(INPUT)
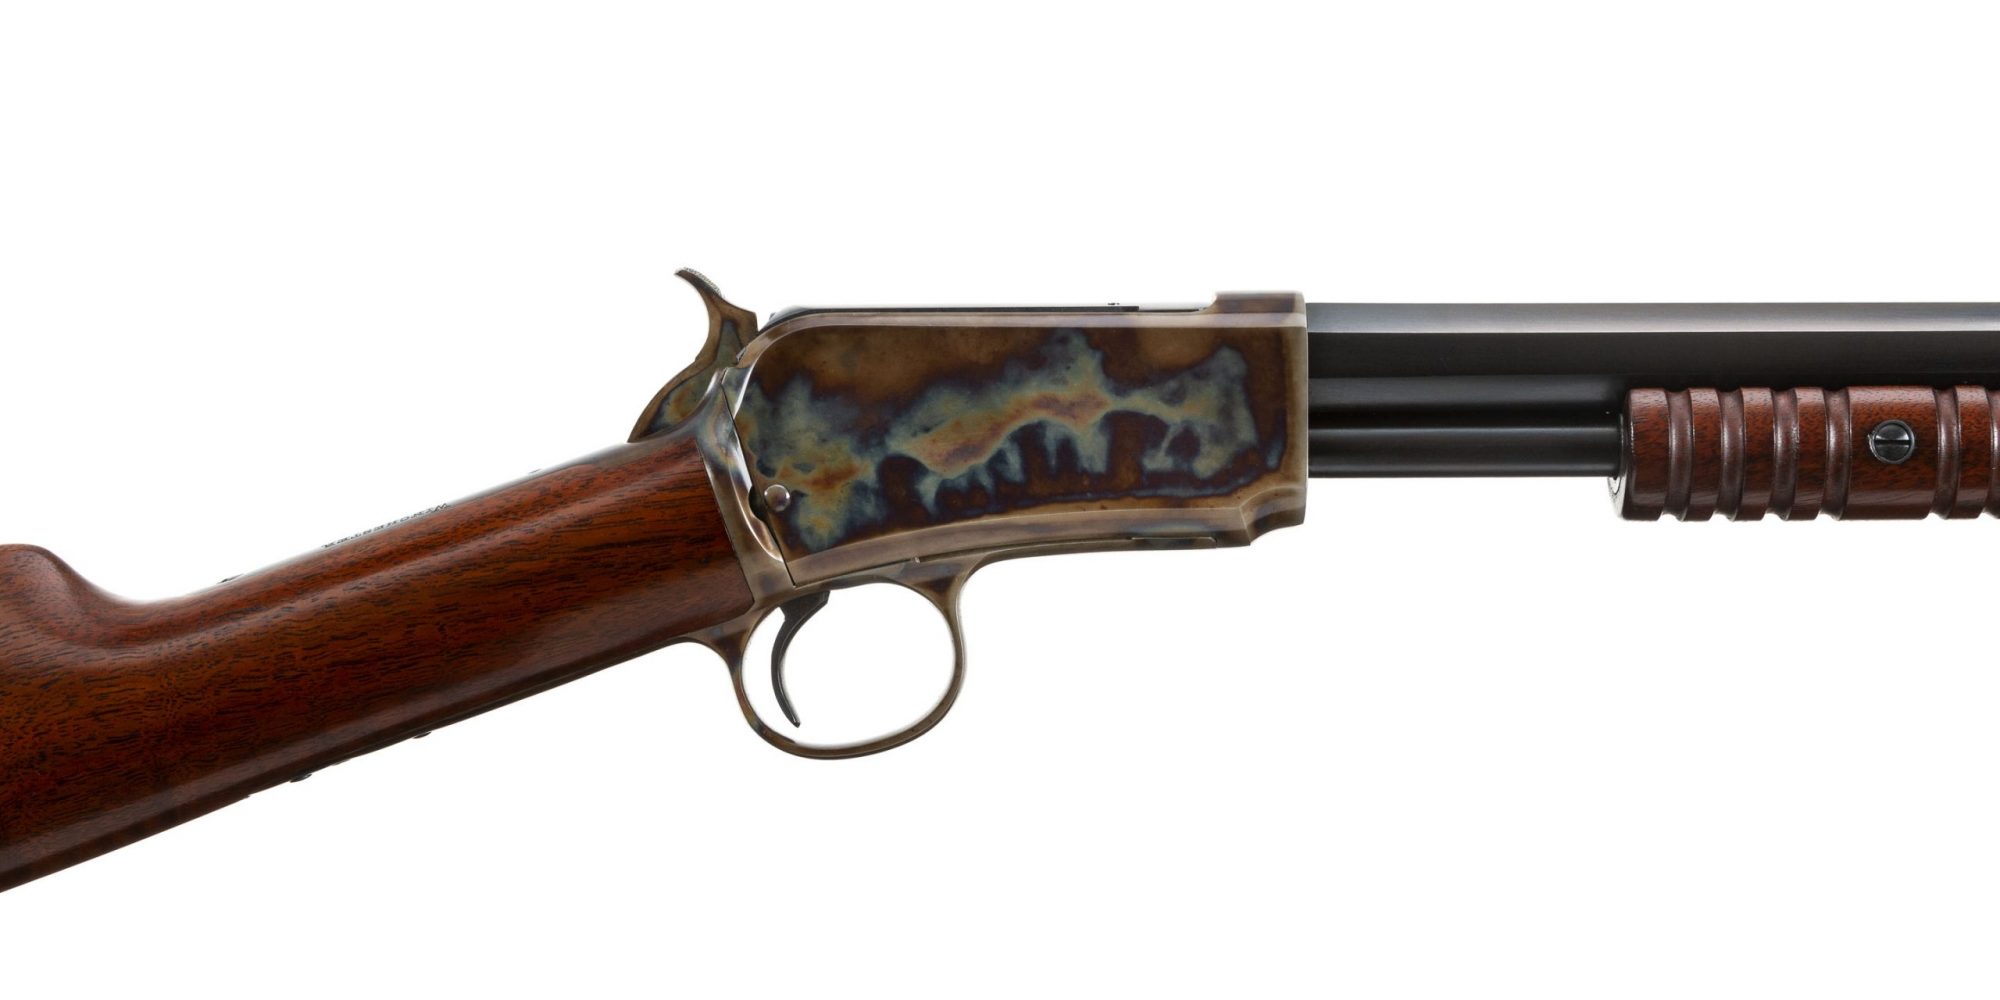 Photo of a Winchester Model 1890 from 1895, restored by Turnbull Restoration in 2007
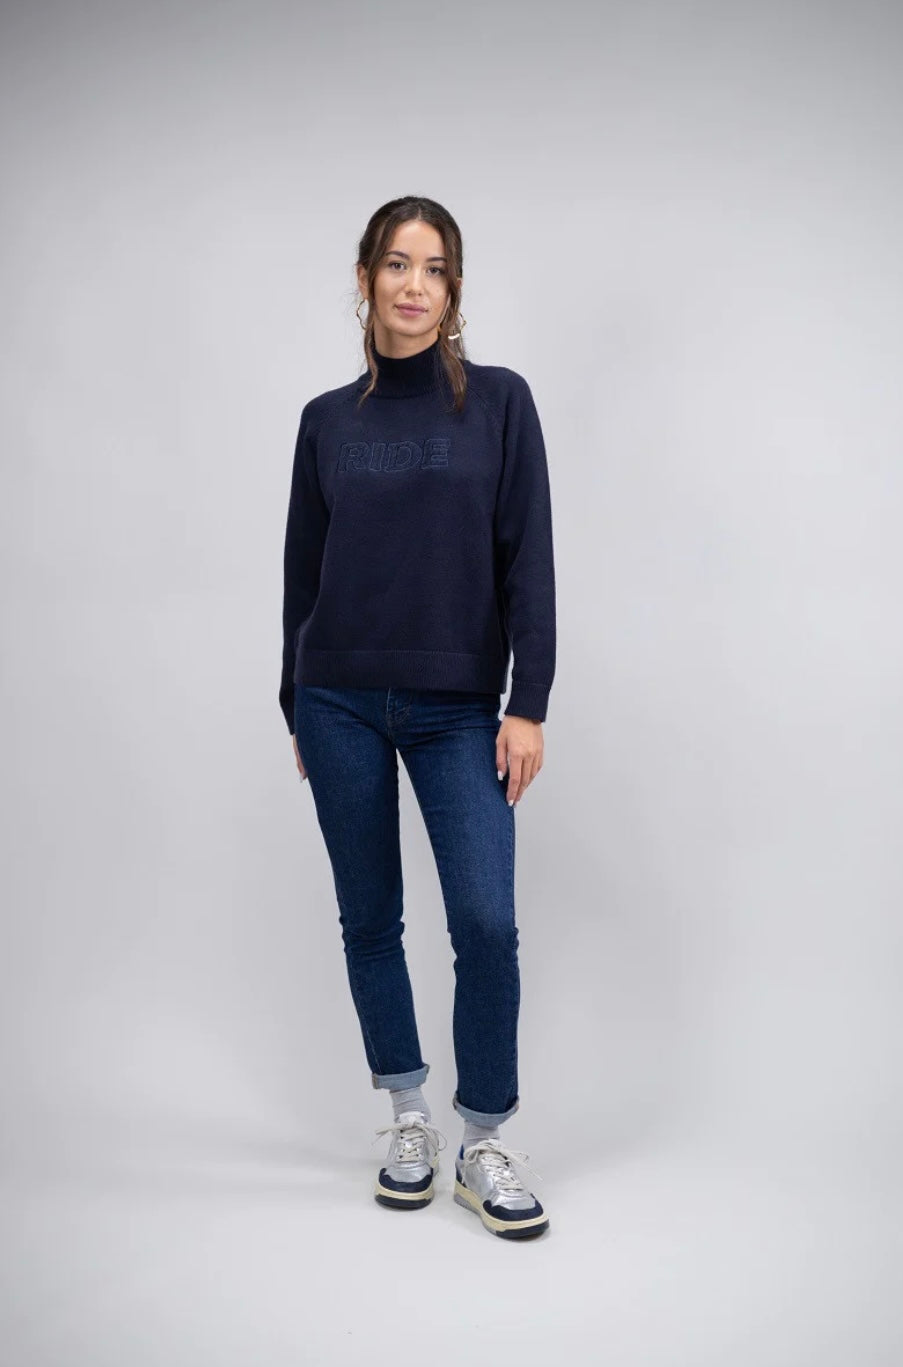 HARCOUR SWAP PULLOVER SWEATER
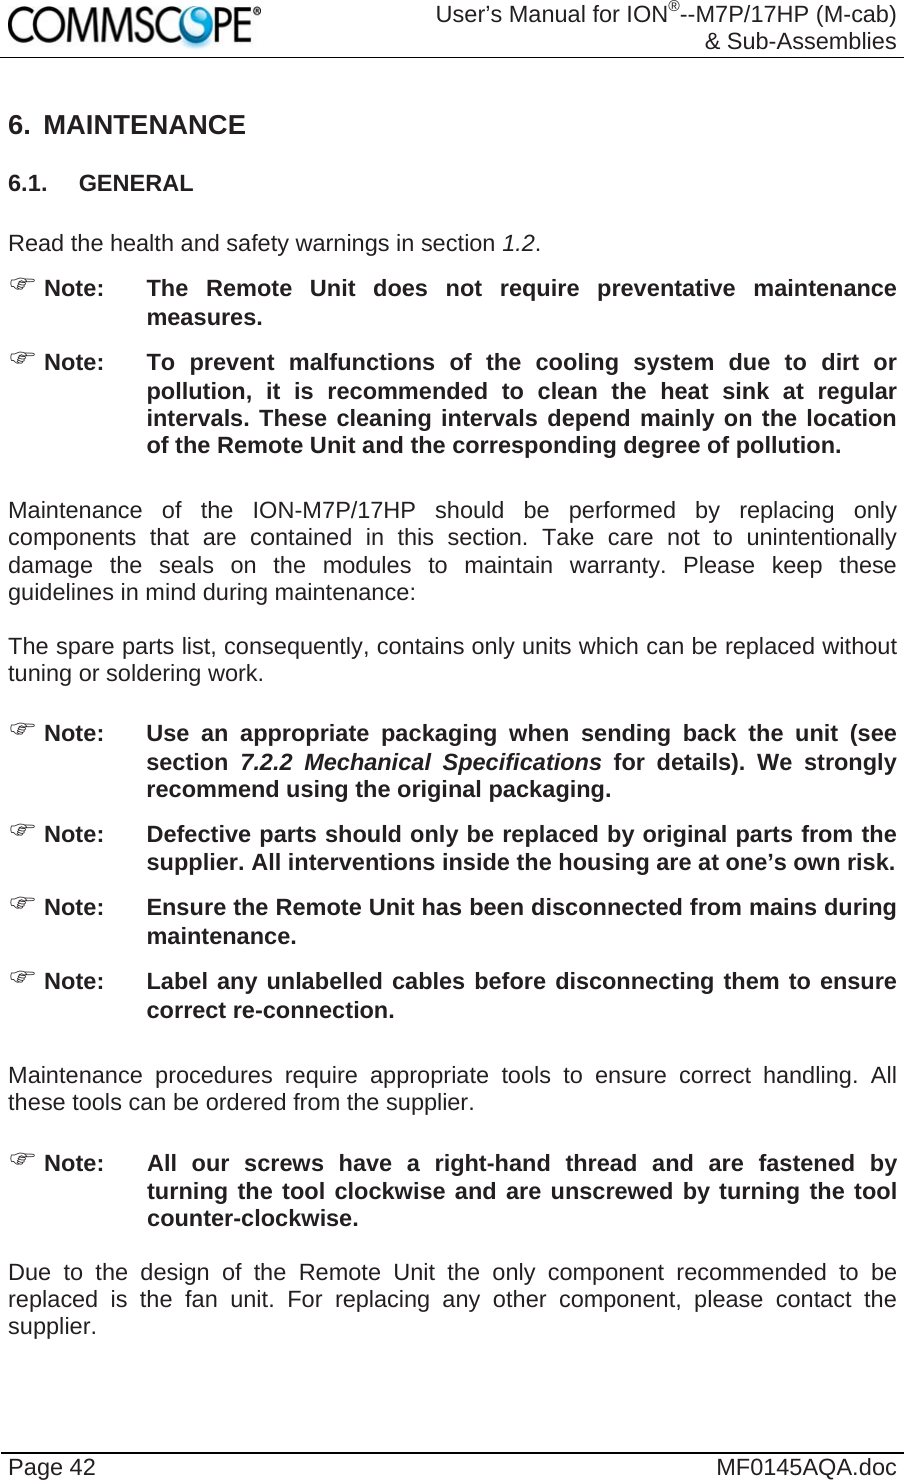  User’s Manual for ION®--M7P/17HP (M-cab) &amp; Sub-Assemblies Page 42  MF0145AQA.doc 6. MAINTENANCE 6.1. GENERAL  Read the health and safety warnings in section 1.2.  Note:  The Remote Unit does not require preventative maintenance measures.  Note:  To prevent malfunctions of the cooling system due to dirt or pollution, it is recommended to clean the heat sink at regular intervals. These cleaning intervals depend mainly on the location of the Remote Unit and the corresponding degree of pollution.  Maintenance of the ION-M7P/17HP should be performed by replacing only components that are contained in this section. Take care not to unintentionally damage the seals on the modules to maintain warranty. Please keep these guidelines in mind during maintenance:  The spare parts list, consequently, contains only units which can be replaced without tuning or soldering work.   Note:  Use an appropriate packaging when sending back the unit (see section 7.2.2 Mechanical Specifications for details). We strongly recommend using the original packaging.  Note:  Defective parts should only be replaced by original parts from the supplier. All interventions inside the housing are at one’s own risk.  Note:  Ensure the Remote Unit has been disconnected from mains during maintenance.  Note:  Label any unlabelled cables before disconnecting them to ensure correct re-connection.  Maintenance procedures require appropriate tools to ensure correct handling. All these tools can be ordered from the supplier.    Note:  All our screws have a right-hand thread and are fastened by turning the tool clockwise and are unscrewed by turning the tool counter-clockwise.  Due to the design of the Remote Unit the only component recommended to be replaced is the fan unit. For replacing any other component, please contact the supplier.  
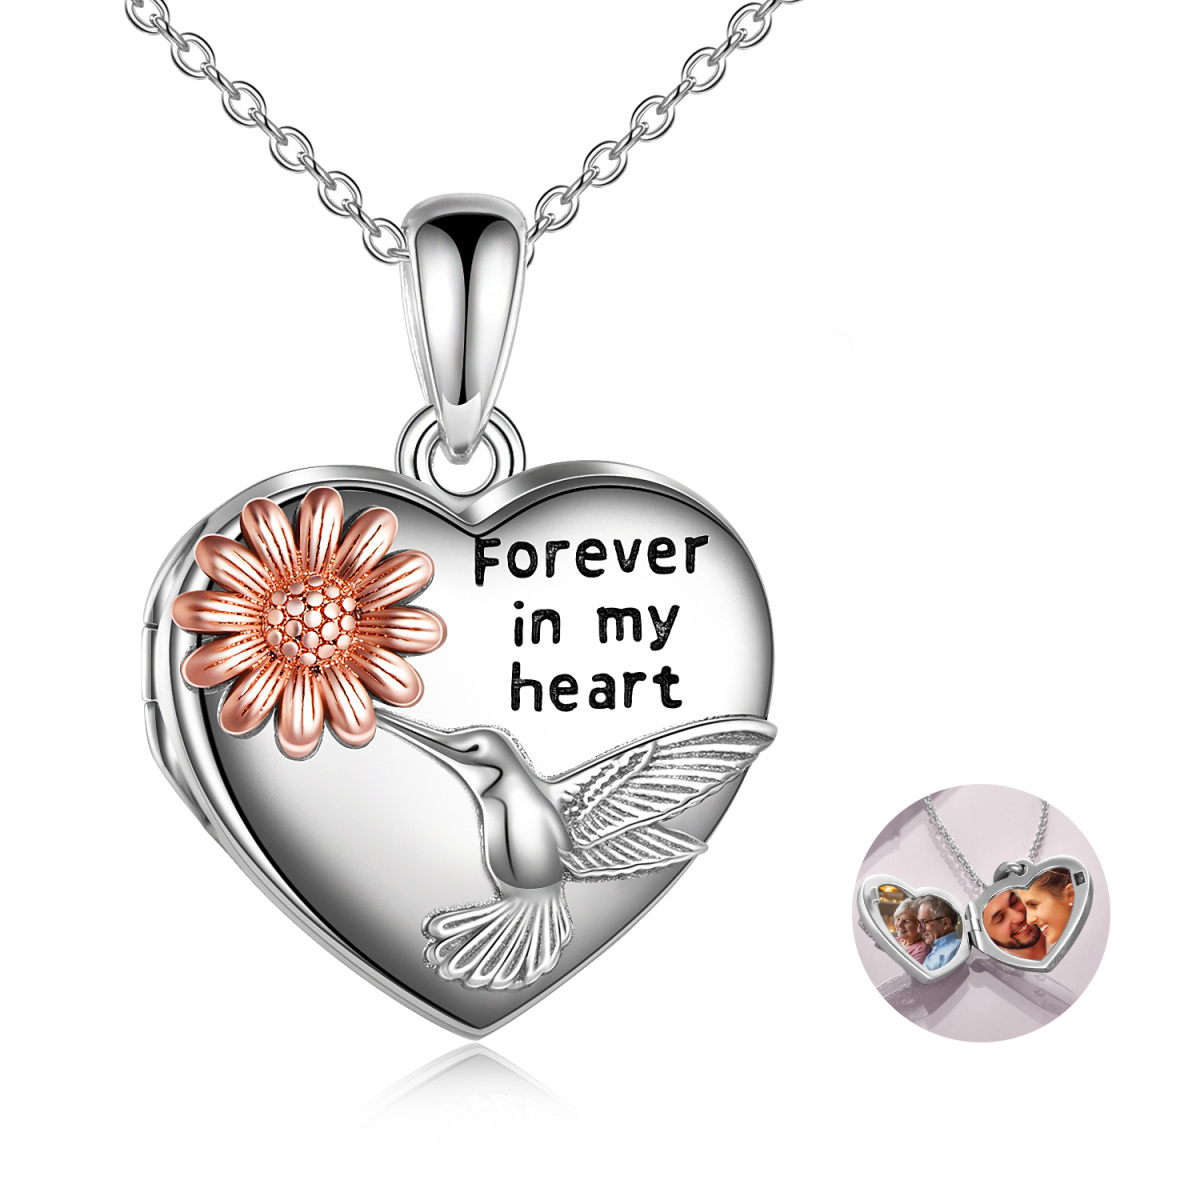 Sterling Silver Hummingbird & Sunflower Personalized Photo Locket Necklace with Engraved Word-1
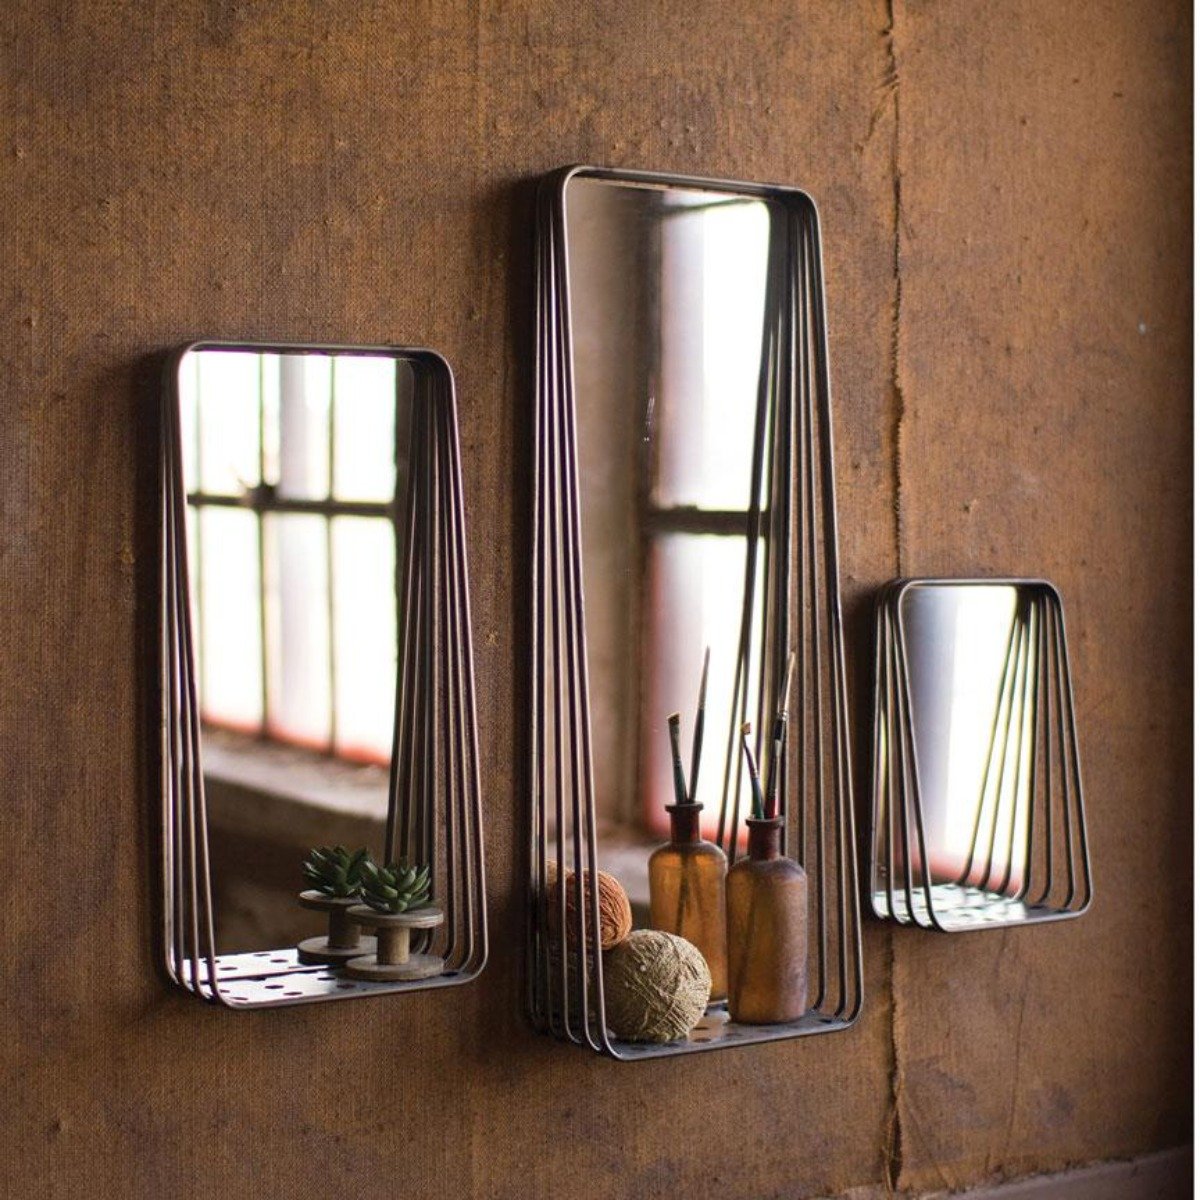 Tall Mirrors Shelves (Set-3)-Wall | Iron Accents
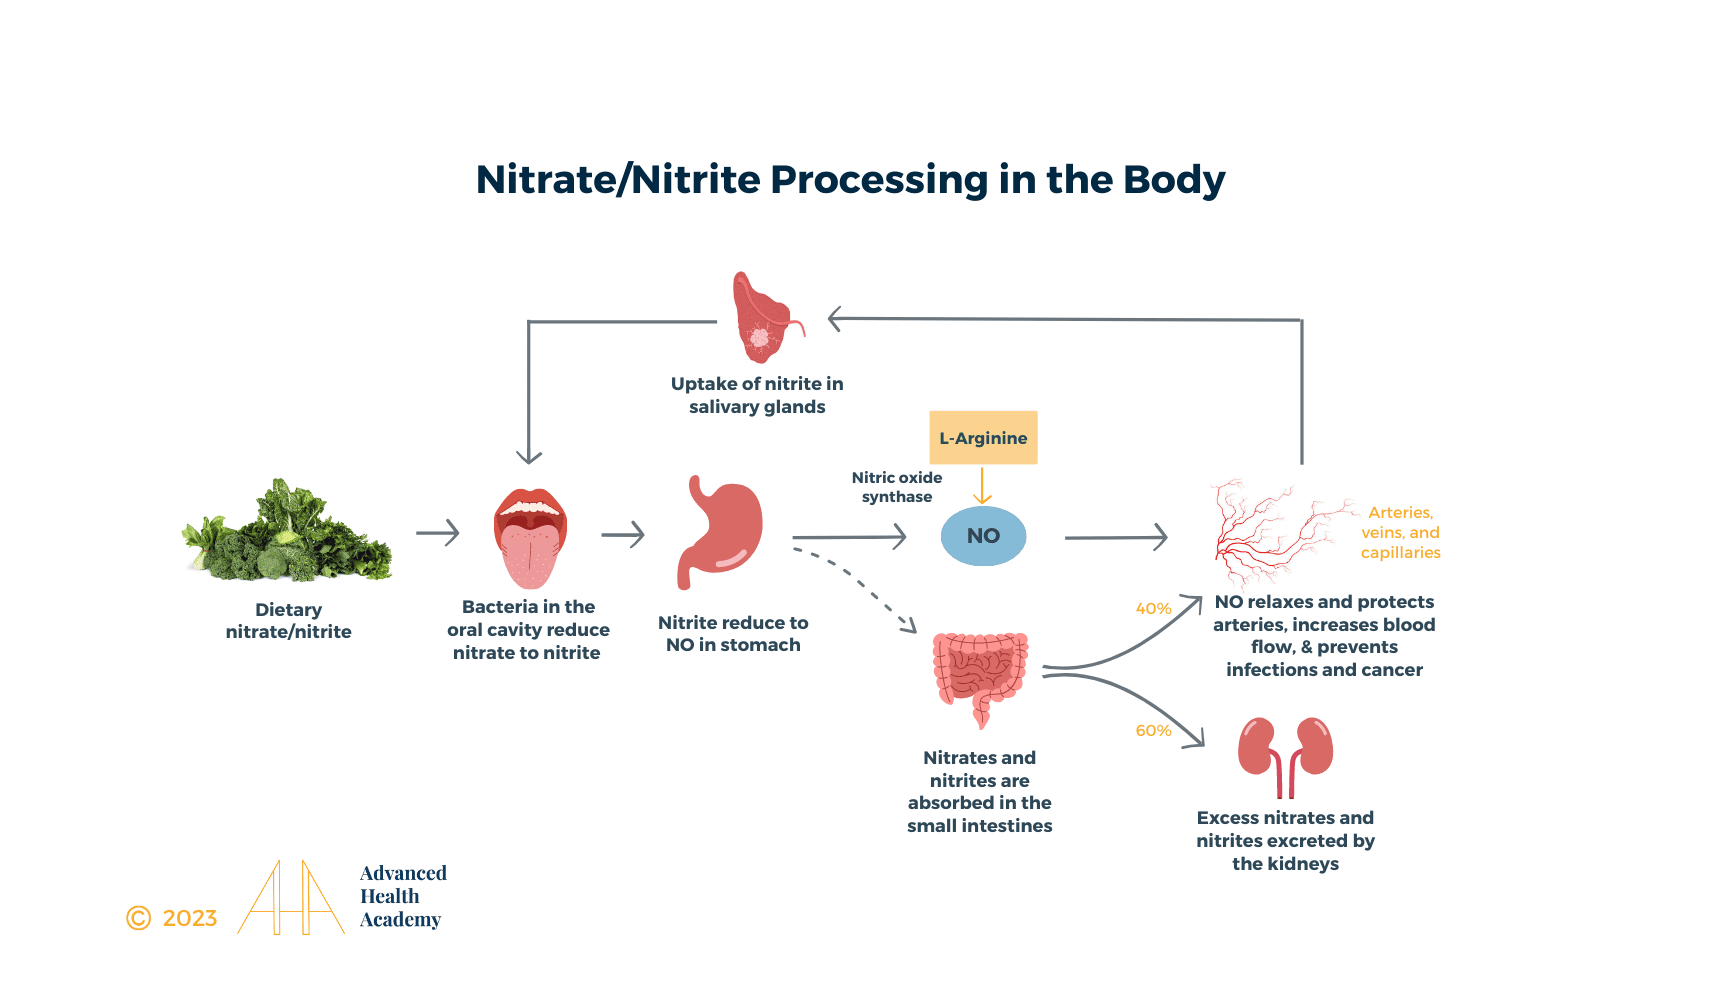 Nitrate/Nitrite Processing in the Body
(End INPUT)
— TO DO —
Your task is to retype all the entries exactly and leave out any pictures.

— COMPLETED EXERCISE —
 Photo of a Winchester Model 1890 from 1895, restored by Turnbull Restoration in 2007
 HARCOUR SWAP PULLOVER SWEATER
  User’s Manual for ION®--M7P/17HP (M-cab) &amp; Sub-Assemblies Page 42  MF0145AQA.doc 6. MAINTENANCE 6.1. GENERAL  Read the health and safety warnings in section 1.2.  Note:  The Remote Unit does not require preventative maintenance measures.  Note:  To prevent malfunctions of the cooling system due to dirt or pollution, it is recommended to clean the heat sink at regular intervals. These cleaning intervals depend mainly on the location of the Remote Unit and the corresponding degree of pollution.  Maintenance of the ION-M7P/17HP should be performed by replacing only components that are contained in this section. Take care not to unintentionally damage the seals on the modules to maintain warranty. Please keep these guidelines in mind during maintenance:  The spare parts list, consequently, contains only units which can be replaced without tuning or soldering work.   Note:  Use an appropriate packaging when sending back the unit (see section 7.2.2 Mechanical Specifications for details). We strongly recommend using the original packaging.  Note:  Defective parts should only be replaced by original parts from the supplier. All interventions inside the housing are at one’s own risk.  Note:  Ensure the Remote Unit has been disconnected from mains during maintenance.  Note:  Label any unlabelled cables before disconnecting them to ensure correct re-connection.  Maintenance procedures require appropriate tools to ensure correct handling. All these tools can be ordered from the supplier.    Note:  All our screws have a right-hand thread and are fastened by turning the tool clockwise and are unscrewed by turning the tool counter-clockwise.  Due to the design of the Remote Unit the only component recommended to be replaced is the fan unit. For replacing any other component, please contact the supplier.  
 Sterling Silver Hummingbird & Sunflower Personalized Photo Locket Necklace with Engraved Word-1
 Tall Mirrors Shelves (Set-3)-Wall | Iron Accents
 Nitrate/Nitrite Processing in the Body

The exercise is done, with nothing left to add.